L’une des initiatives les plus connues de l’alliance est le programme « Love Classroom ». Après que de nombreuses familles de migrants ont exprimé leurs inquiétudes concernant la garde d’enfants pendant les vacances scolaires, le comité communautaire du Parti s’est coordonné avec les organisations sociales et les travailleurs sociaux professionnels pour fournir des services éducatifs et de garde d’enfants au Centre de services de masse du Parti. Soutenu par plus de 6 000 visites de services bénévoles, le programme a fourni des services éducatifs et de garde d’enfants pour plus de 5 700 visites d’enfants.

Une autre caractéristique clé de la gouvernance populaire chinoise est la participation du public.
Cette approche est ancrée dans l’expérience Fengqiao, développée pour la première fois dans le Zhejiang dans les années 1960 et continuellement adaptée depuis. L’idée centrale est simple : de nombreux problèmes peuvent être résolus au niveau local en responsabilisant les populations.
Comme beaucoup de communautés urbaines densément peuplées, Xishan est confrontée à un défi familier : moins de 250 membres du Parti et un peu plus d’une douzaine d’agents communautaires sont au service de plus de 10 000 habitants. Pour combler cet écart, le comité communautaire du Parti s’est attaché à encourager les habitants à jouer un rôle plus actif dans la résolution des problèmes locaux, en suivant les principes de l’expérience Fengqiao et de la ligne de masse du PCC.
Plutôt que de considérer les critiques fréquentes comme des fauteurs de troubles, le comité communautaire du Parti les a invités à rejoindre les équipes de supervision des rénovations.
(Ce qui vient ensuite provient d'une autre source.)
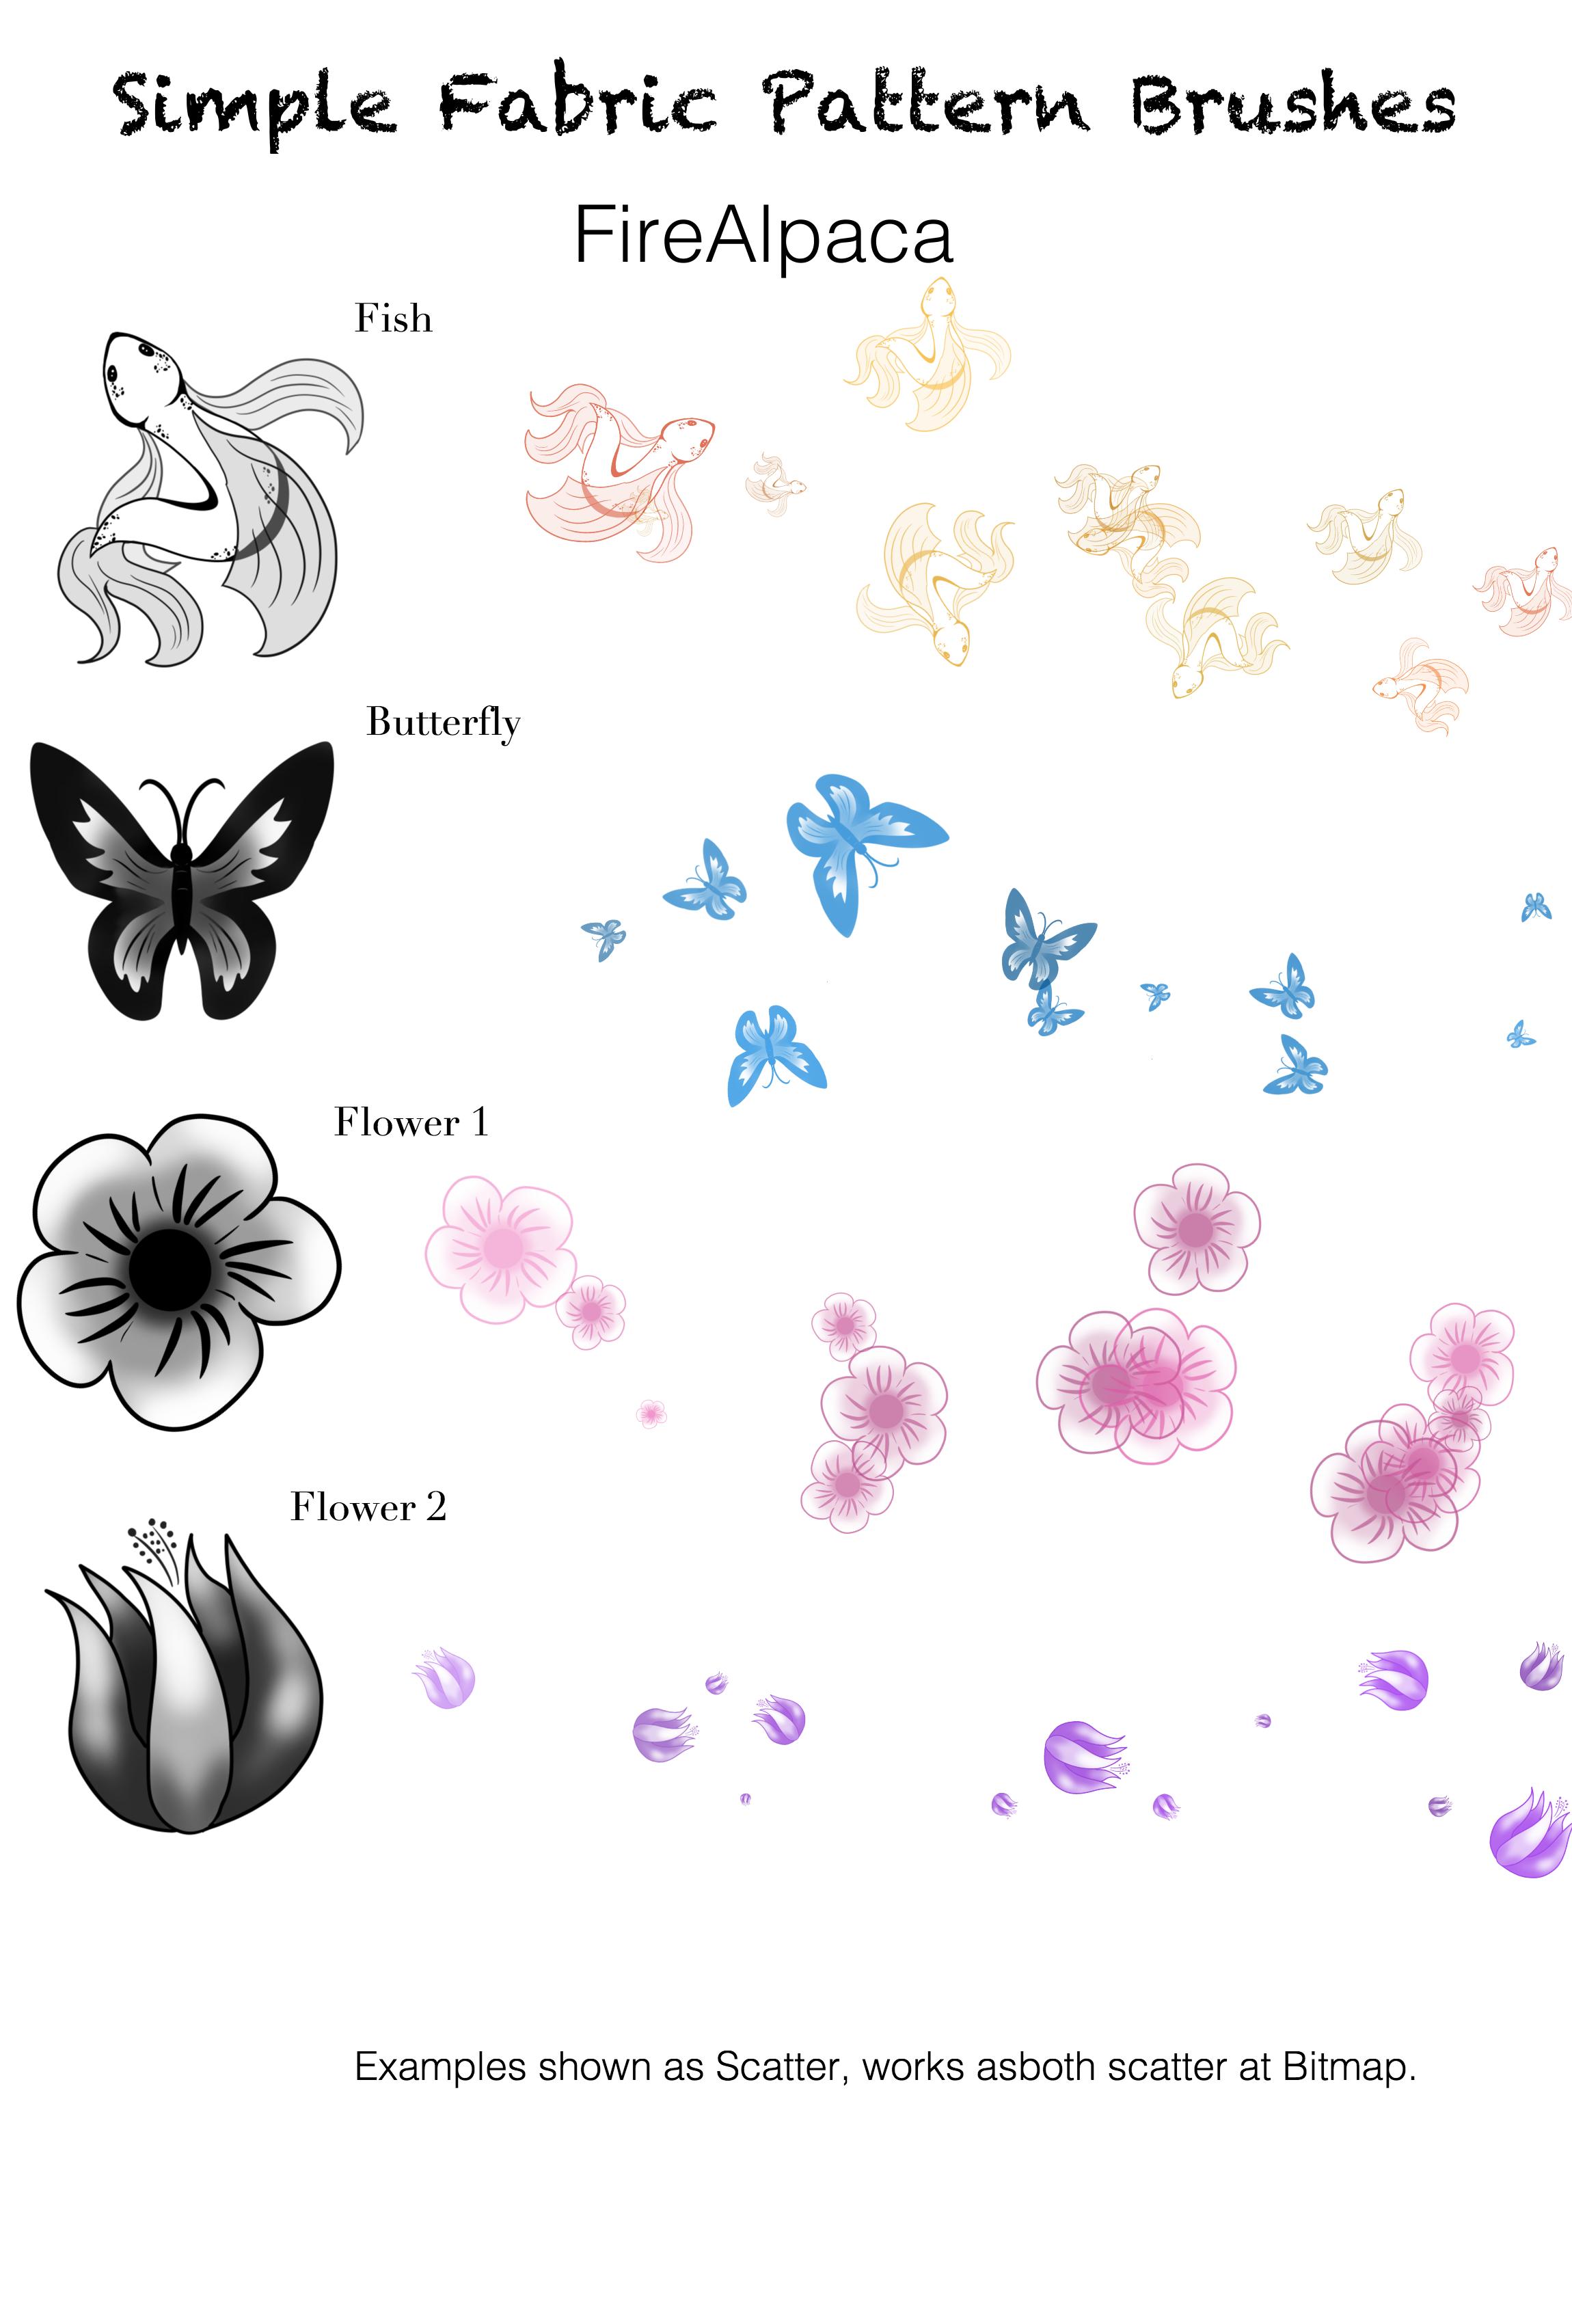 金鱼、蝴蝶、花朵等图案PS笔刷下载(PNG图片素材下载)

De la planification du projet à l’inspection finale, les résidents ont aidé à superviser les travaux de construction et à signaler les problèmes très tôt, contribuant ainsi à la réussite des projets de rénovation avec pratiquement aucune plainte.
Le comité du Parti a également contribué à la création de groupes de médiation dirigés par les résidents. L’une de ces équipes, constituée de résidents migrants, a résolu plus de 1 800 différends en s’appuyant sur la confiance et la familiarité au sein de la communauté, contribuant ainsi à empêcher l’escalade des conflits.
Cette approche s’aligne sur la vision exposée dans le rapport au 20e Congrès national du PCC visant à favoriser une communauté de gouvernance sociale dans laquelle chacun assume ses responsabilités et partage les bénéfices. En transformant les résidents de bénéficiaires passifs en contributeurs actifs, les organisations locales du Parti contribuent à bâtir des communautés plus fortes et à créer des solutions communes aux défis locaux.
L’expérience de la communauté de Xishan offre une fenêtre sur la manière dont le PCC met en œuvre la gouvernance à la base. Grâce à son vaste réseau d’organisations de base du Parti, le PCC est capable d’identifier les besoins du peuple, de rassembler les ressources et d’encourager une large participation, aidant ainsi à transformer les préoccupations du public en solutions pratiques. Cette capacité à s’organiser et à se mobiliser au niveau local contribue à expliquer comment le PCC sert le peuple et se connecte avec lui.